A praça sofreu ao longo dos anos várias reformas, possuindo diversos nomes: Feira Nova; Largo das Trincheiras; Pedro II; Do Ferreira; Municipal. Seu atual nome deve-se a Antônio Rodrigues Ferreira de Macedo (1800-1859), mais conhecido como boticário Ferreira, político que de 1843 a 1859 ocupou cargos de vereador, prefeito e presidente da Câmara Municipal de Fortaleza. Em 1871, o espaço passa a se chamar Praça do Ferreira para homenageá-lo.
A praça, no sentido mais amplo do conceito, é do povo. Carrega o espelho das expressões democráticas das cidades no transcorrer do tempo. Nos versos de “Tempo rei”, de Gilberto Gil, encontra-se a percepção da transitoriedade: “Transformai as velhas formas do viver”.
A Praça do Ferreira seguiu avançando o tempo das transformações. Nos séculos XIX e XX foi principal cenário da vida social, cultural, política e econômica da cidade, do Estado. Ali, haviam os famosos quiosques (Café Riche, Café Java, Café do Comércio, Café Elegante, Café Iracema) que reunia a população, intelectualidade e formadores de opinião.

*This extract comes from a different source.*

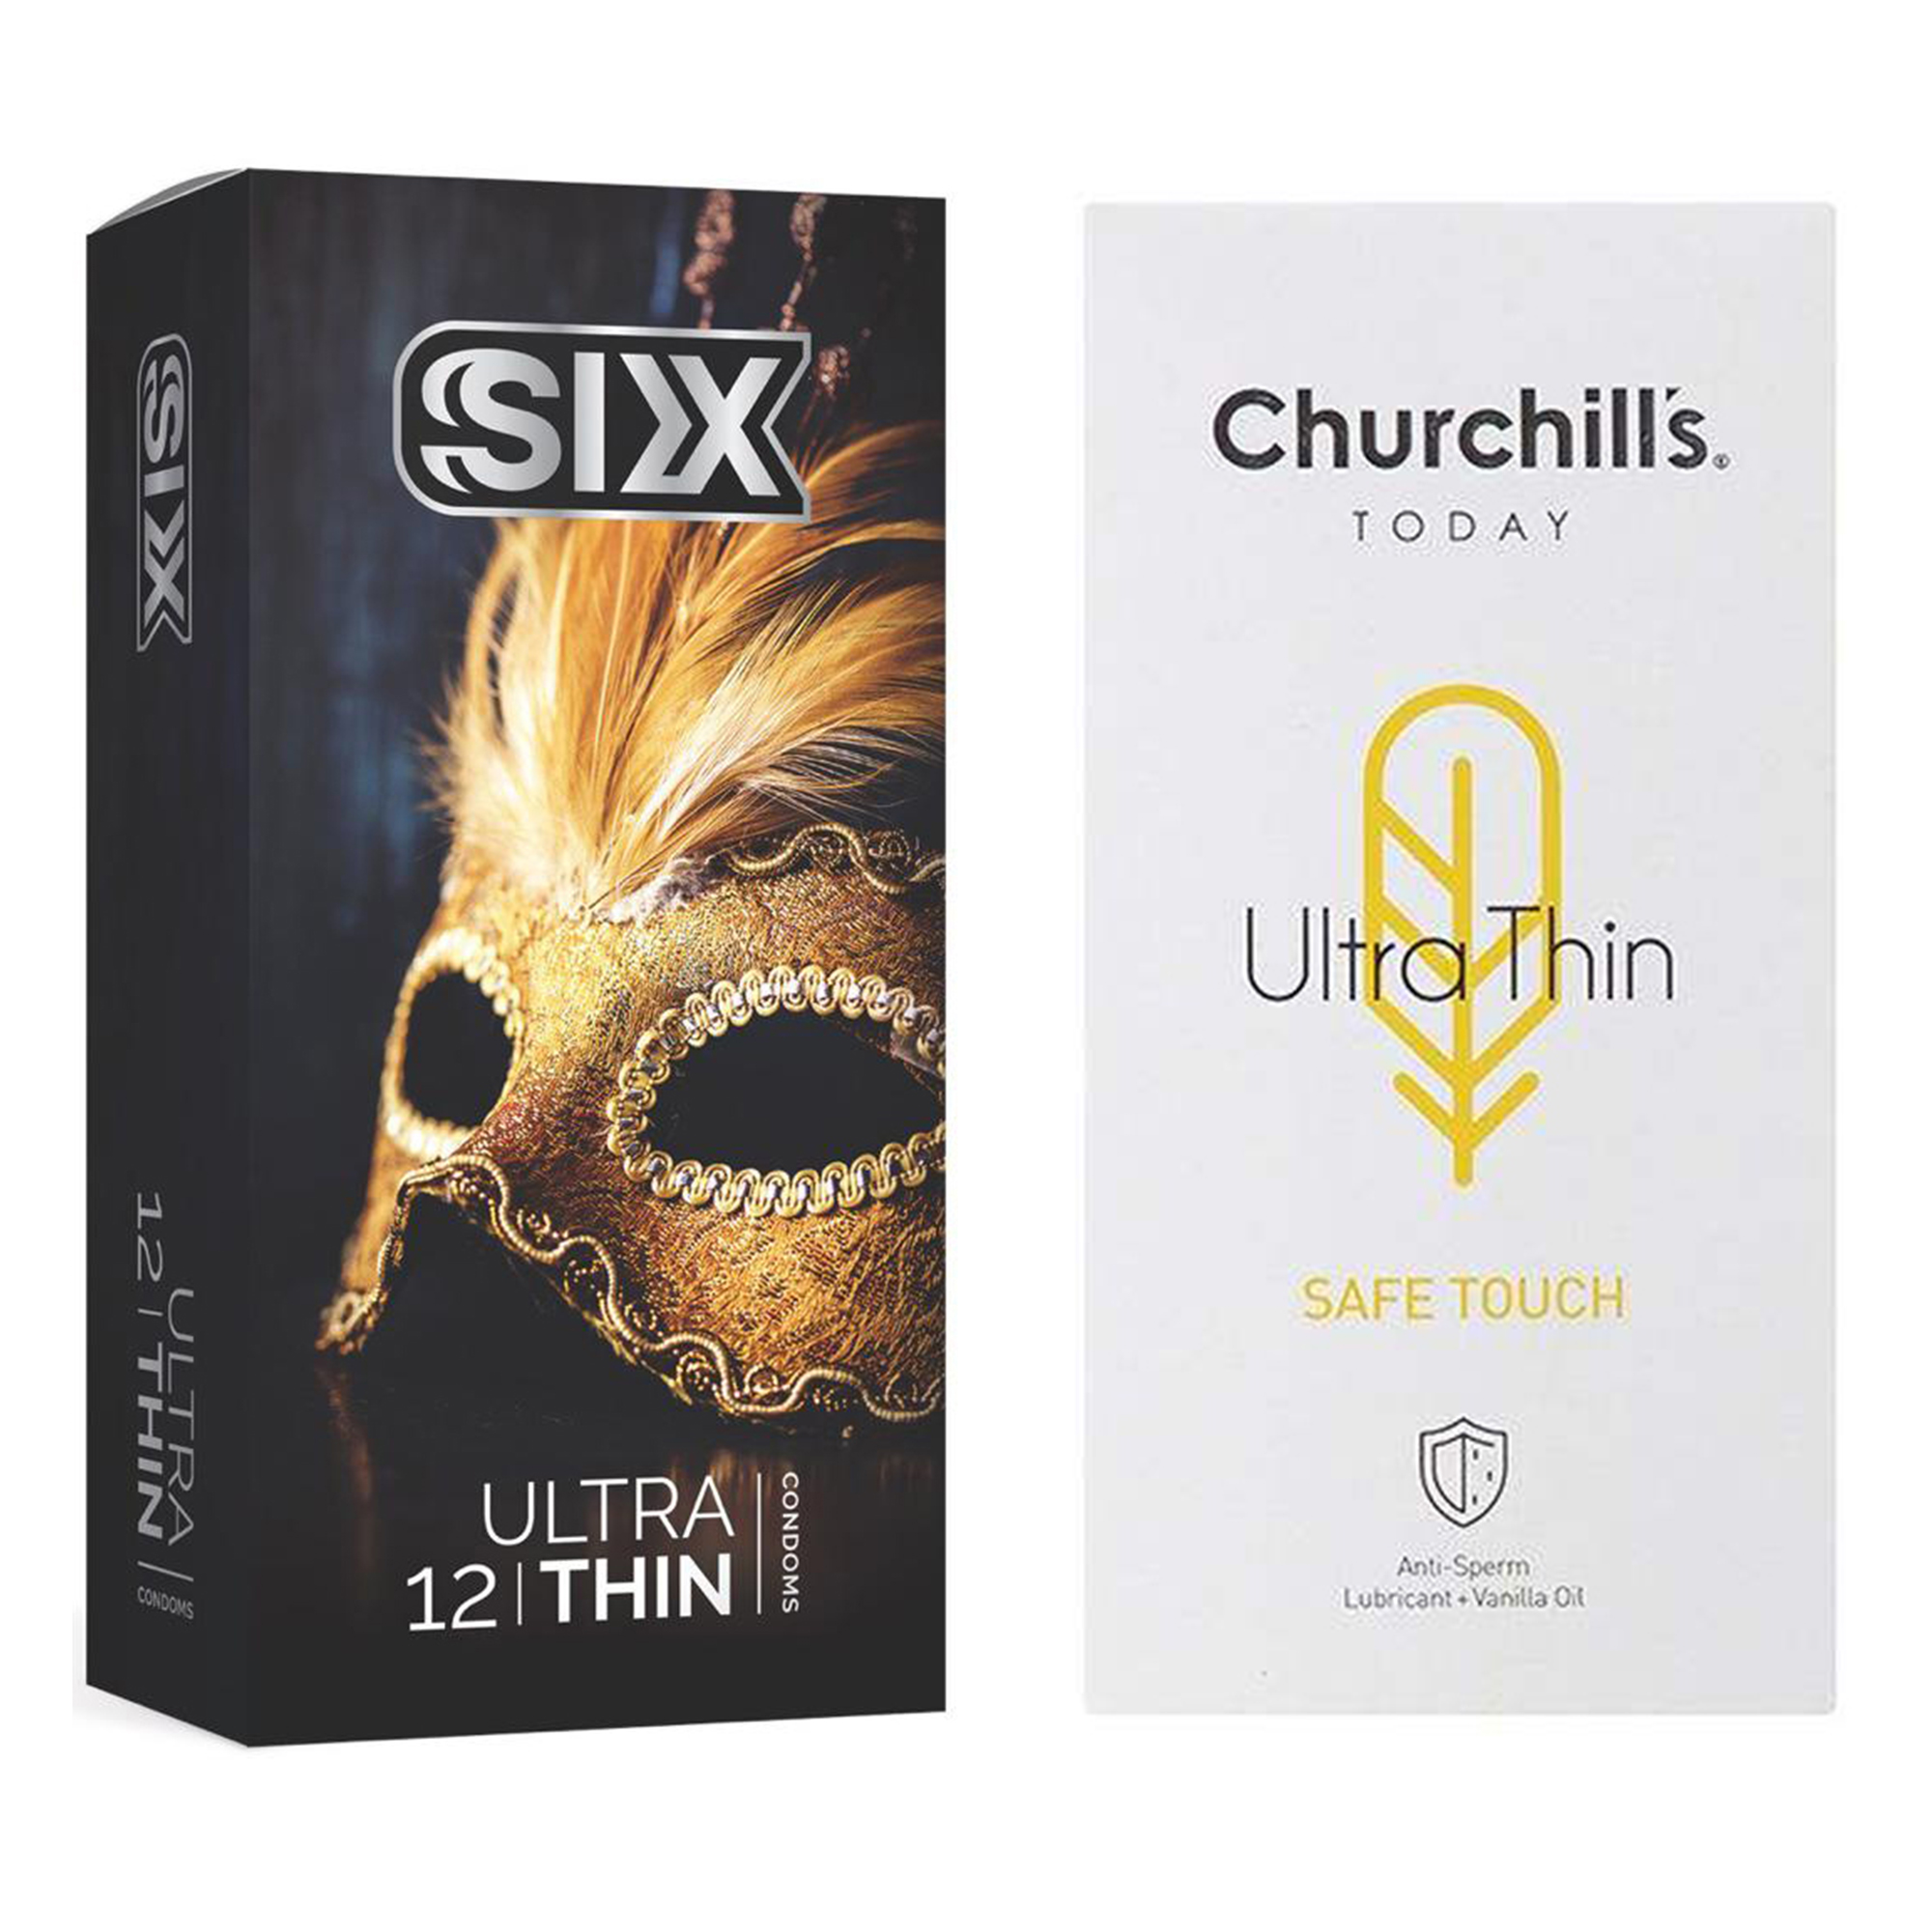 کاندوم چرچیلز مدل Safe Touch بسته 12 عددی به همراه کاندوم سیکس مدل حساس و فوق العاده نازک بسته 12 عددی

No final do século XIX, surgia na Praça do Ferreira a Padaria Espiritual, agremiação literária formada por escritores, pintores e músicos, buscava despertar nos moradores o gosto pela literatura. Dentre os participantes destacam-se: Antônio Sales, Juvino Guedes, José Carlos Júnior, Juvenal Galeno, Rodolfo Teófilo, Cabral de Alencar, Lopes Filho, Lívio Barreto, Ulisses Bezerra, Temístocles Machado e Tibúrcio de Freitas.

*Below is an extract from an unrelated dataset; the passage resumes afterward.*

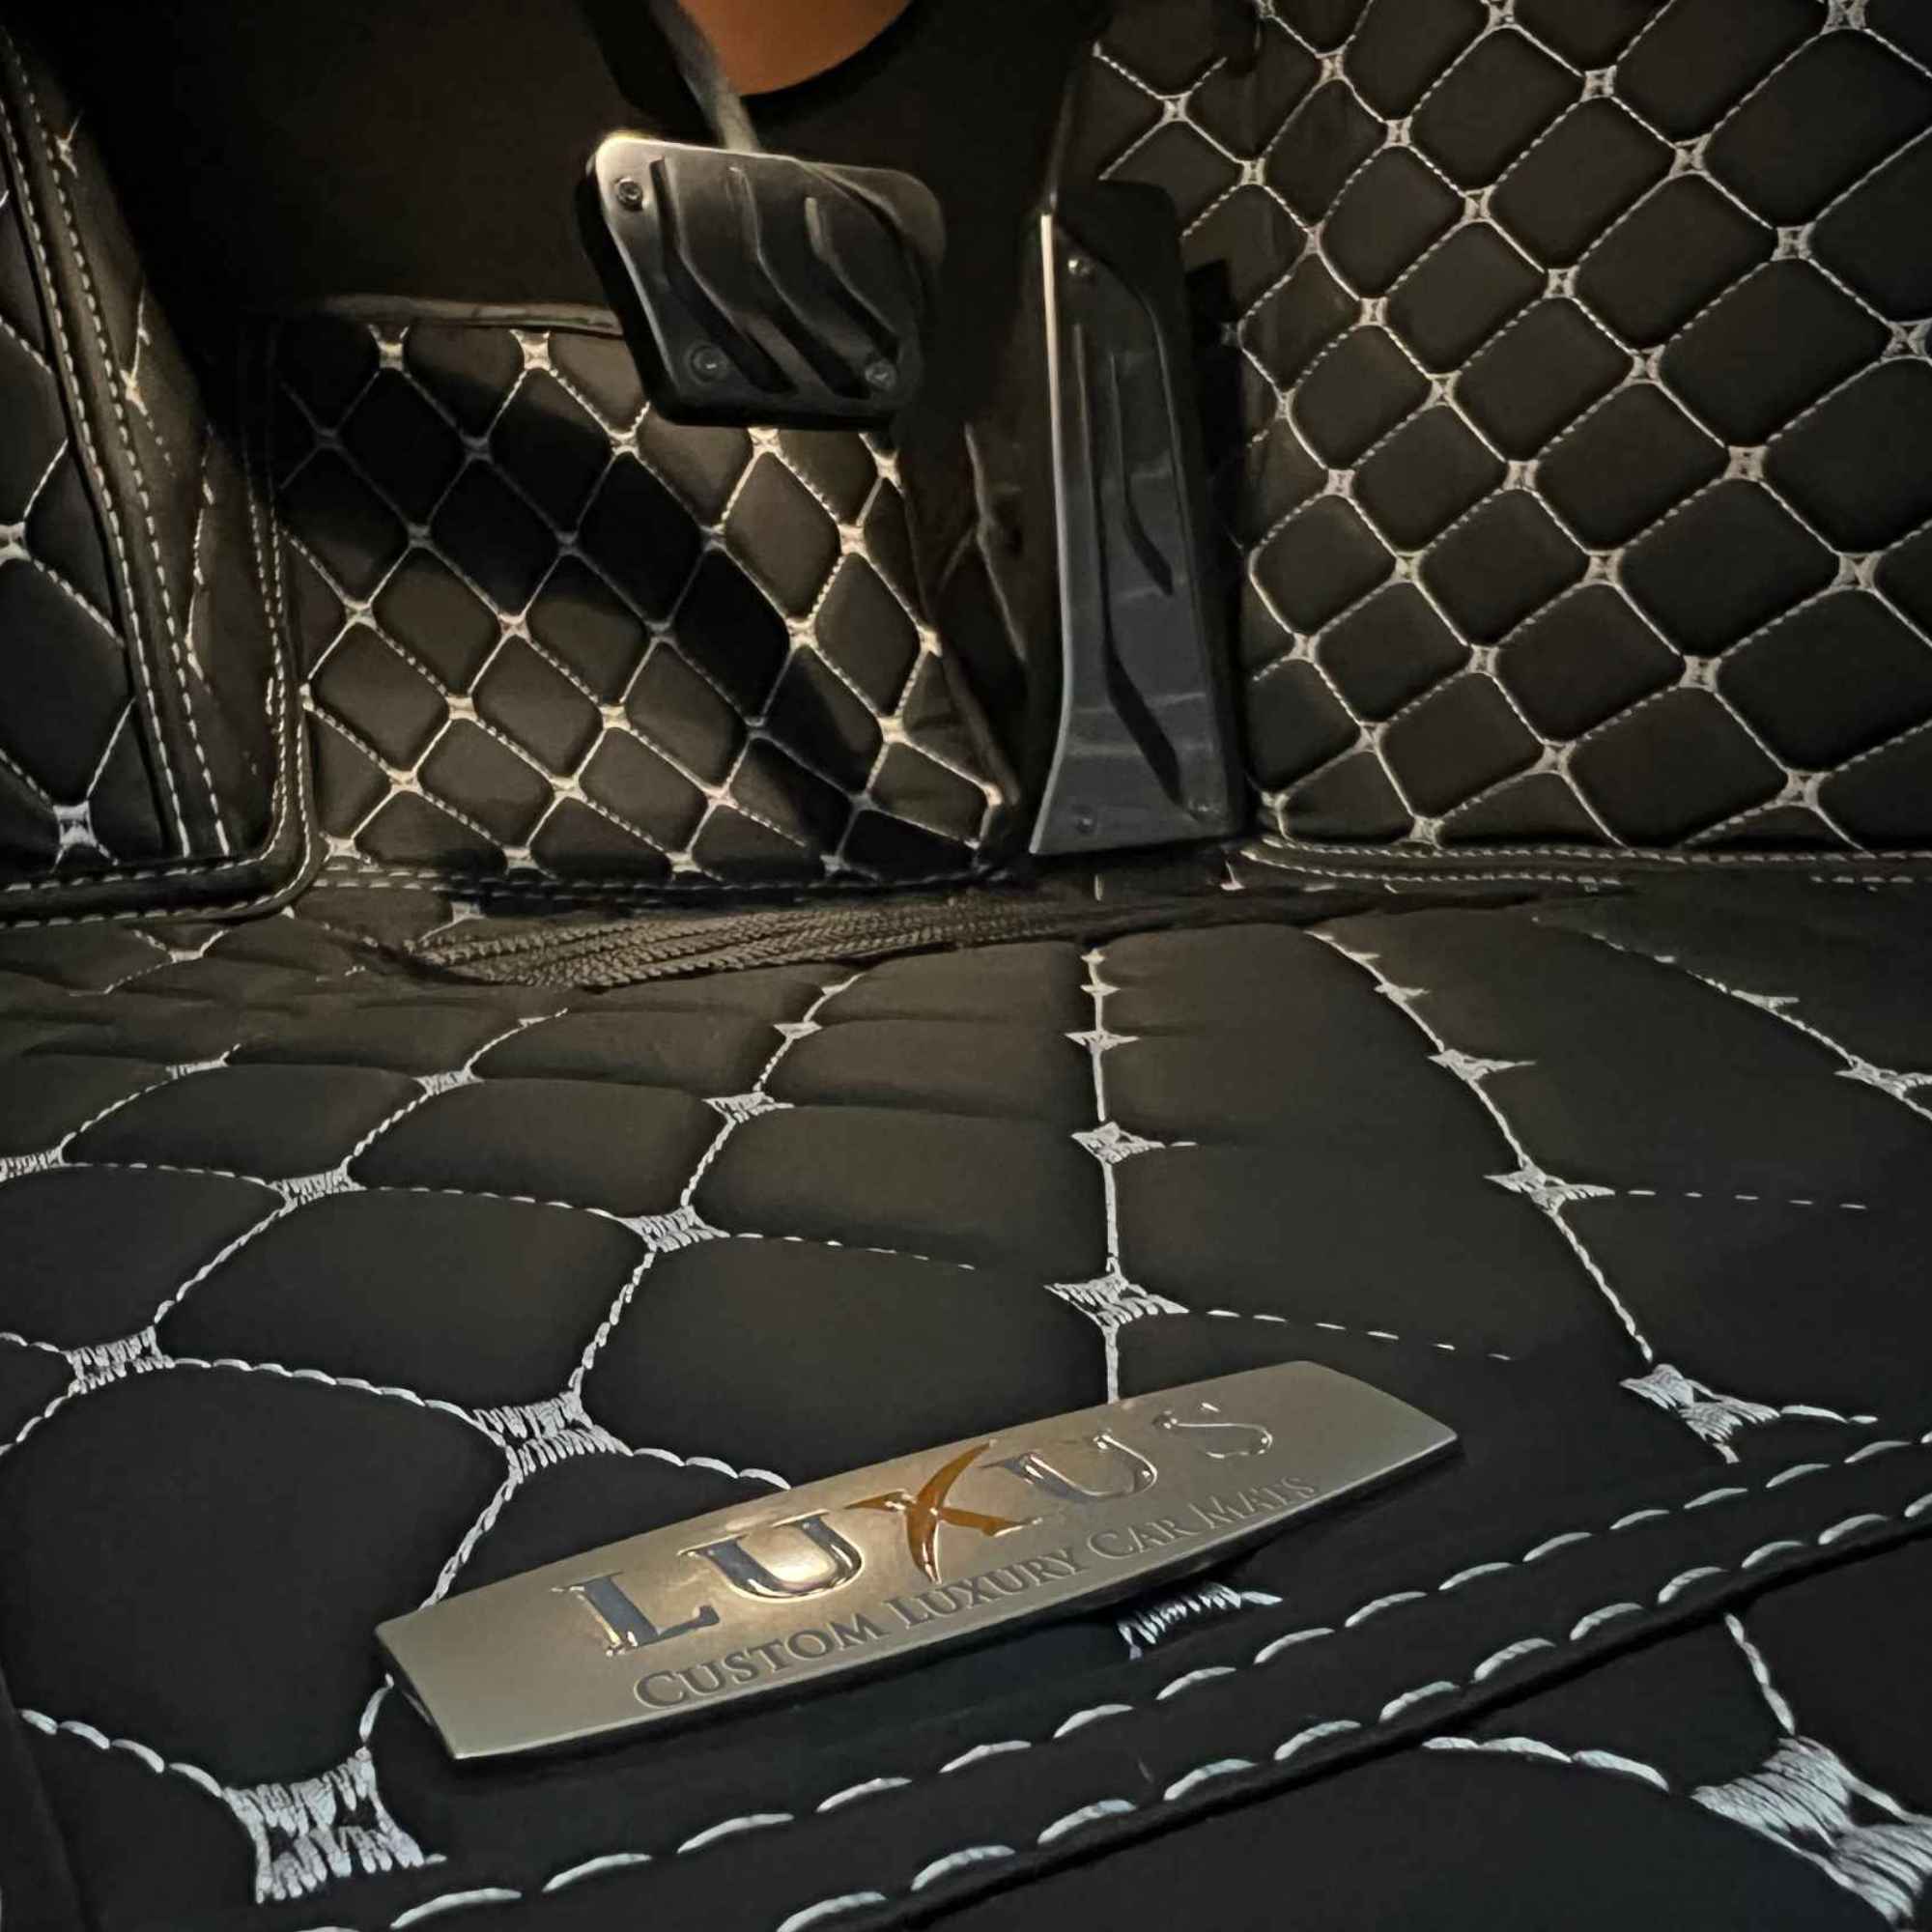 Luxus Car Mats™ - Juego de alfombrillas de lujo con costuras negras y moradas

Os quiosques desaparecem na reforma da praça em 1902 e surge como destaque o “Jardim 7 de Setembro”, veio a desaparecer na reforma seguinte de 1920 com a implantação de um coreto. O coreto foi espaço de discursos, manifestações, músicas, encontros e ebulição da cidade. Em 1932 é demolido o coreto e dois anos depois é inaugurado a “Coluna da Hora”. Em 1949, no lado norte da Praça, é construído o Abrigo Central, servia como parada das linhas de ônibus e boxes de produtos. Em 1969 são demolidos o Abrigo Central e a Coluna da Hora, funcionando sua versão mais absurda e feia da Praça, em contínuo processo de distanciamento das pessoas e eliminação dos espaços de manifestações populares. Em 1991 resgatou-se a Coluna da Hora e a versão contemporânea que temos da Praça do Ferreira.
"O século XXI escancarou o processo de esquecimento e abandono que o Centro vem gradativamente sofrendo desde o final do século passado"
As histórias, causos e reflexões sobre a Praça do Ferreira são infindáveis, porque continuam a ser construídas dia a dia por quem lá habita ou transita. Como exercício de leitura recomendo dois agradáveis livros: “A praça do povo”, de Alberto S. Galeno; “Fortaleza descalça”, de Otacílio de Azevedo.
O século XXI escancarou o processo de esquecimento e abandono que o Centro vem gradativamente sofrendo desde o final do século passado, decorrente dos novos conceitos de urbanismo, especulação imobiliária, má gestão pública e comportamentos sociais. O Centro volta-se, hoje, marcadamente para o comércio, além de expor uma grave fratura social, os moradores de rua.
Ao anoitecer da semana e nos finais de semana, quando o movimento cessa, a população invisibilizada (e cada vez mais presente na cidade) dos moradores de rua faz morada na Praça do Ferreira e arredores. São famílias, crianças, mulheres e homens nas mais variadas idades, largados, esquecidos, humilhados, abandonados pela sociedade. Imperativo repensarmos os espaços públicos e seus cidadãos, dignamente.